# Little Terrarium - got salad?



## Sunstar (Jul 29, 2008)

I started this in january. It's a project and experement that basically is to go into my Paludarium when I get that started. I will, just when I have the resources and when I have finally decided What I want.

MOST of these plants are from the Aquarium. Some are moss collected from locally and One is a pineapple grown from seed. How cool is that?! I found the Seed in my pineapple that I bought and thought, what can I lose to try.

The thing is simply a transparent salad dish that I bought at the super market with Salad in it. I told my husband whis would make an awesome little terrarium, to which he rolled his eyes. I used the lid as the base and filled that with gravel and peat moss. I added some rock and a bit of drift wood. Then I sprinkled my plant bits on it. I had the soil super saturated for a while. I drilled holes into the top, one in each corner, for ventelation. Works a charm.

Plants being

Riccia
Monosolenium Tennerum
Java moss
Christmas moss
Other moss (locally collected)

Anubia
Cardamine lyrata
Hygro
Pine apple
HC
Chain sword(not doing so good)

I trim the moss regularily and leave the clippings to fall. I jam fert stakes in under the mass of weeds at the back. The HC is Finally going terrestrial and is growing rather than dying.
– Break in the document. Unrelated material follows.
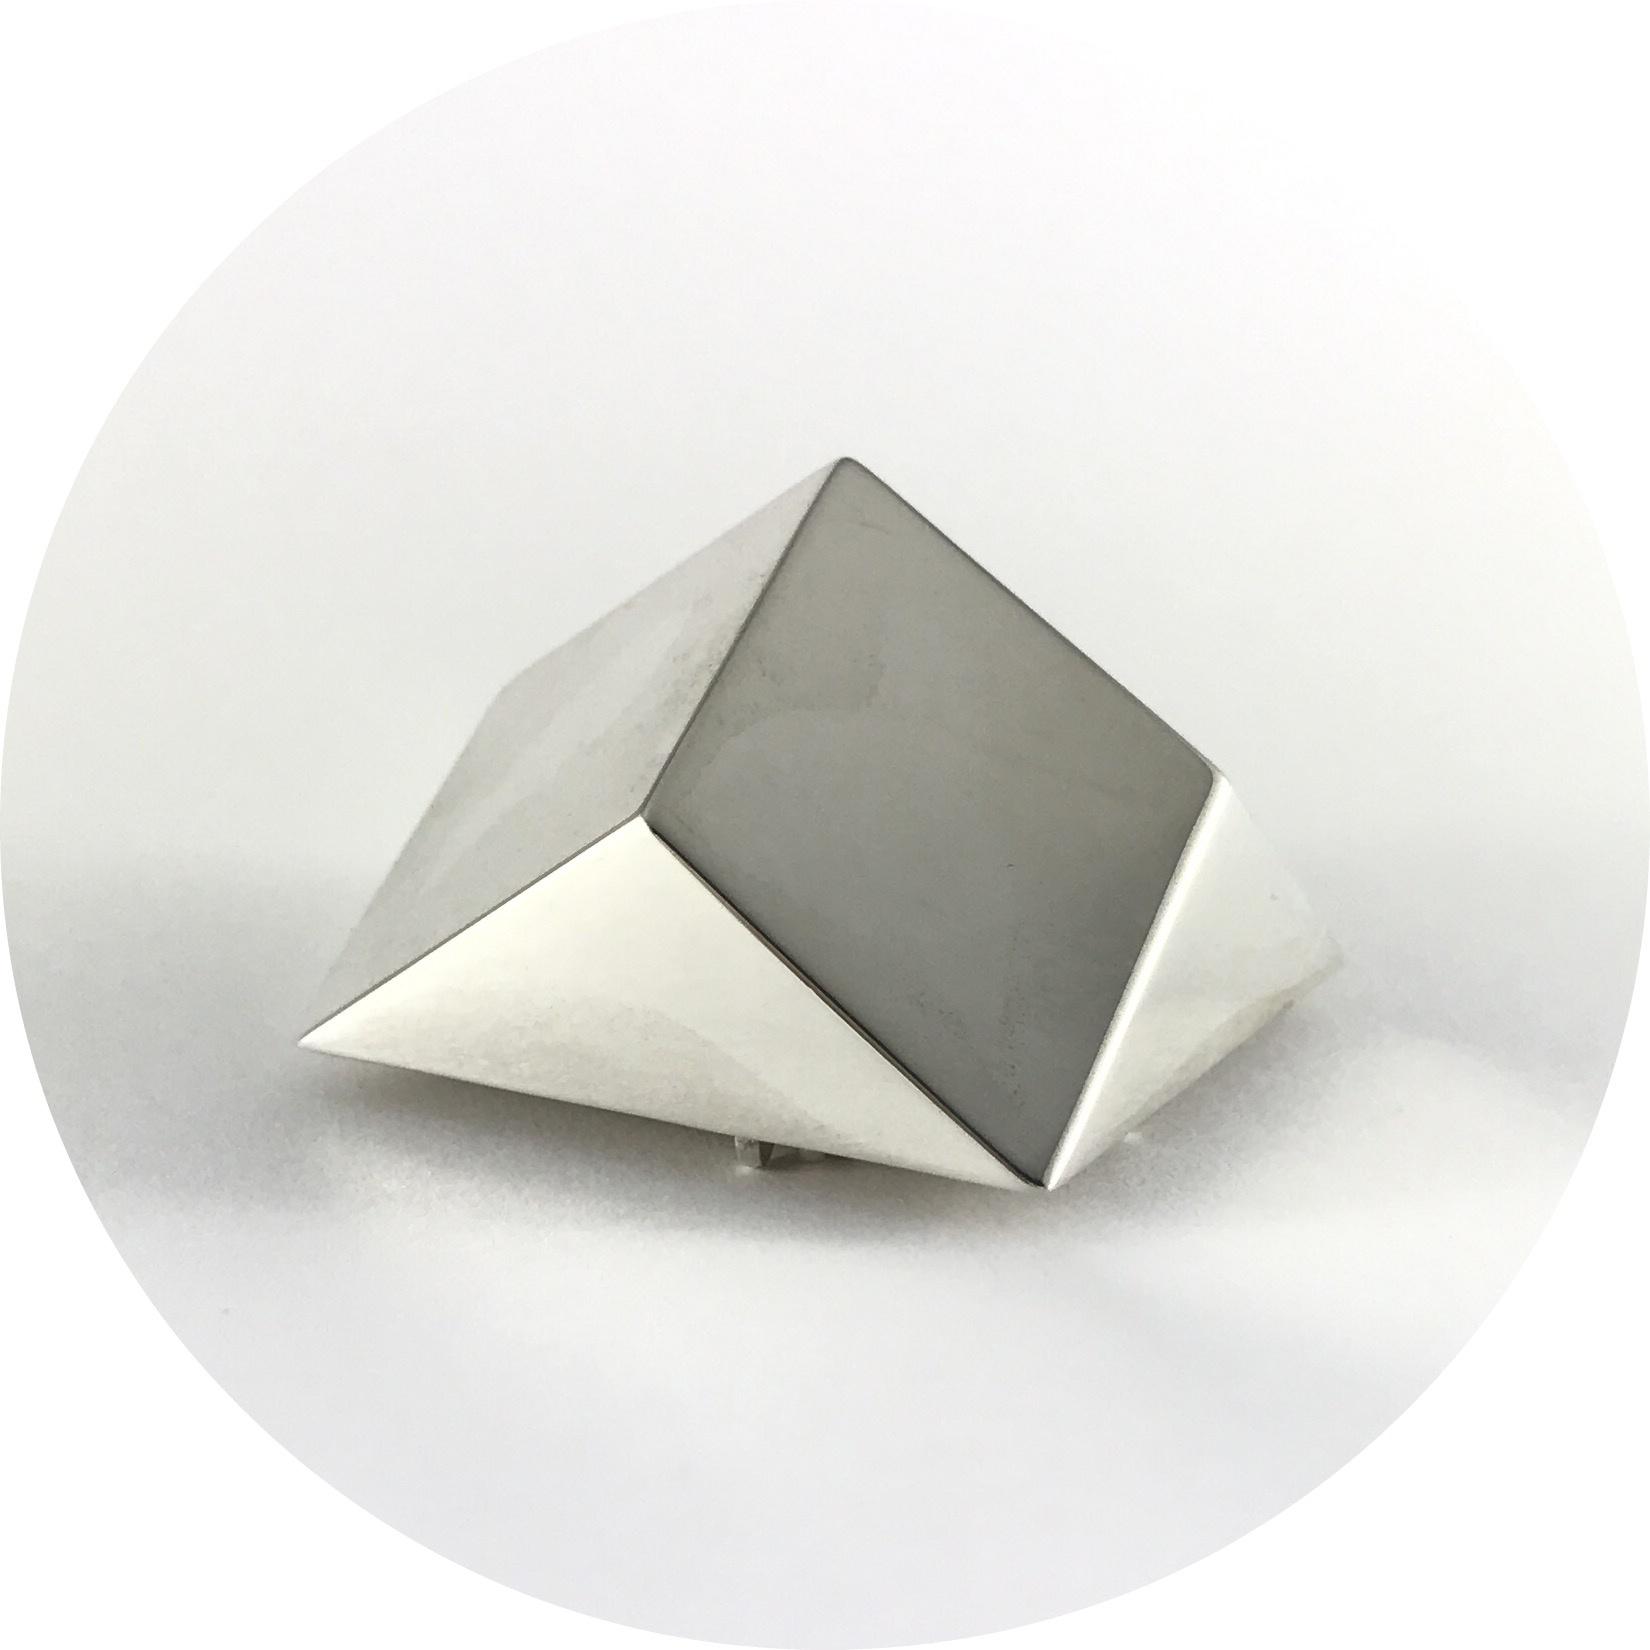 Danielle Kathleen - 'Crystal Geometries' Sterling Silver Brooch I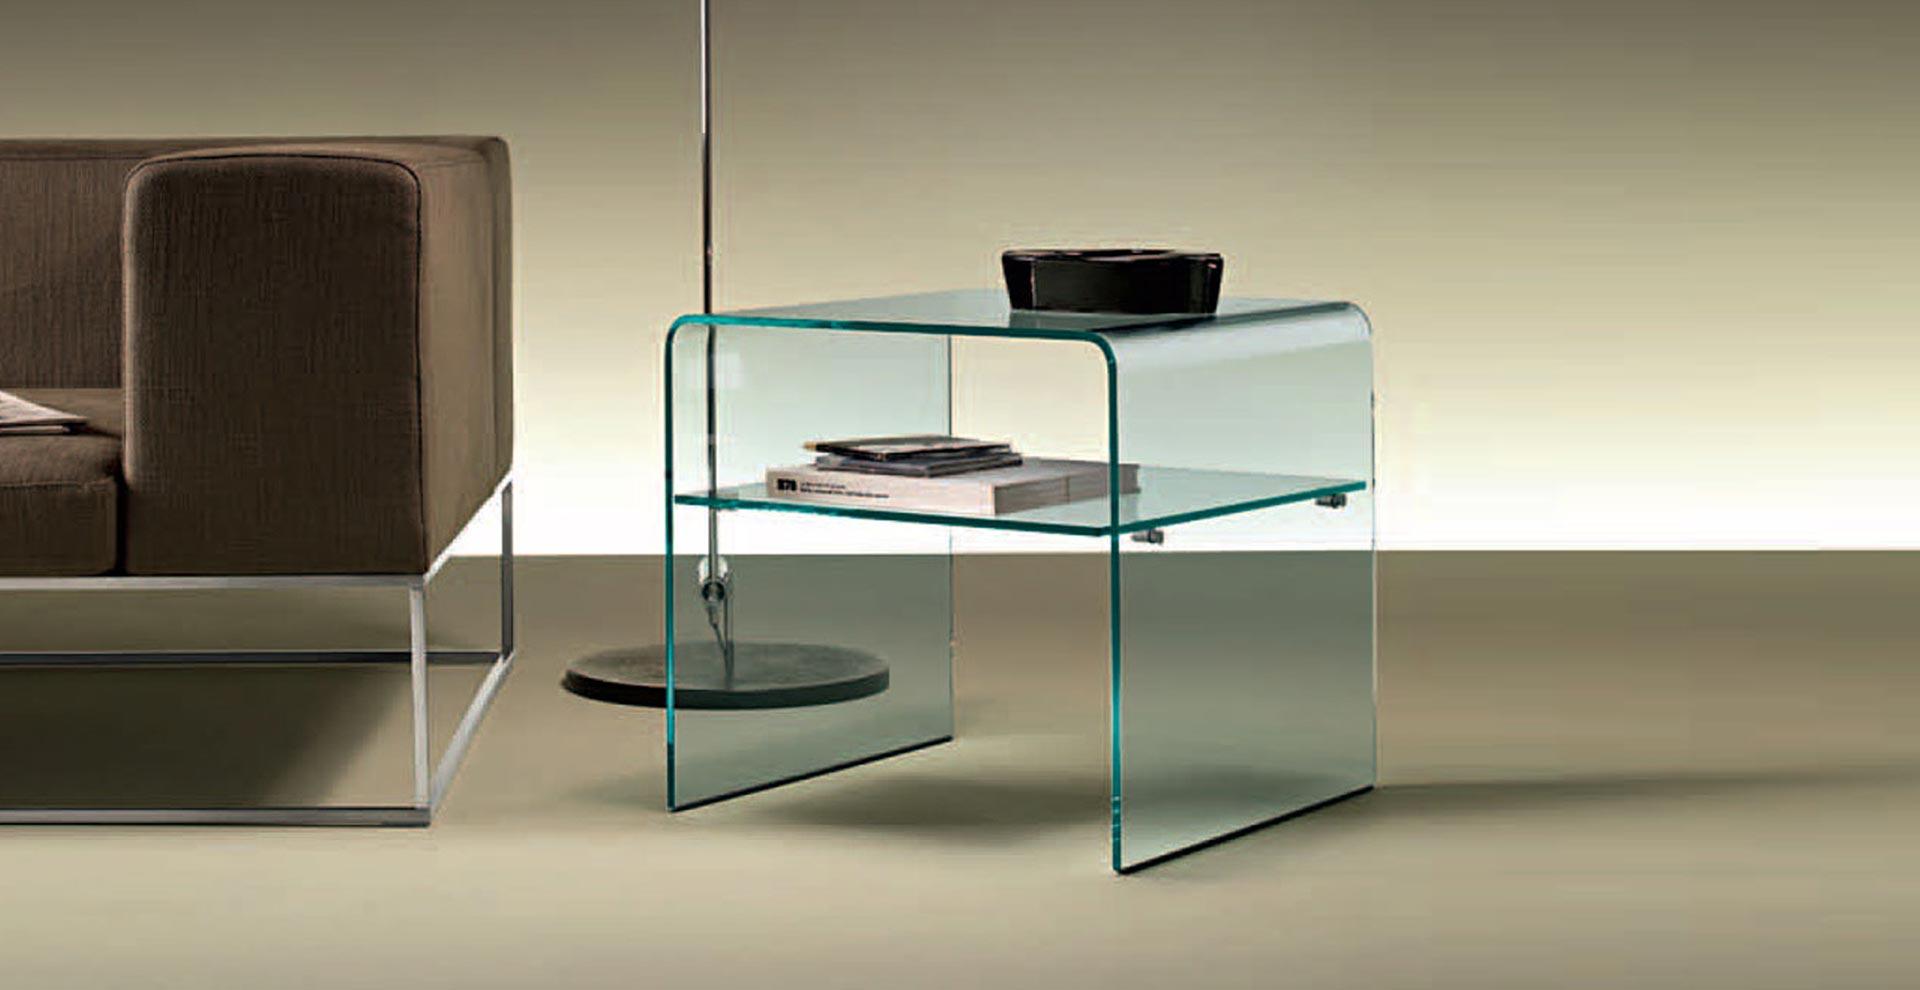 rialto night fiam italia. Black Bedroom Furniture Sets. Home Design Ideas

When the Paludarium is ready for plants, much of these will be used. You can do this too, just a little time and a lot of love.


----------



## pat3612 (Jan 29, 2008)

Thats neat sunstar I use those to start my vegs in spring also the clear egg cartons are really good too that way they dont end up in the landfill.


----------



## ameekplec. (May 1, 2008)

Neato. All sunlight I presume?

lol, paint tubs in the background.


----------



## Sunstar (Jul 29, 2008)

it sits on ym aquarium top where the flouressent clamp on supplies light to the Cardamine Lyrata.


----------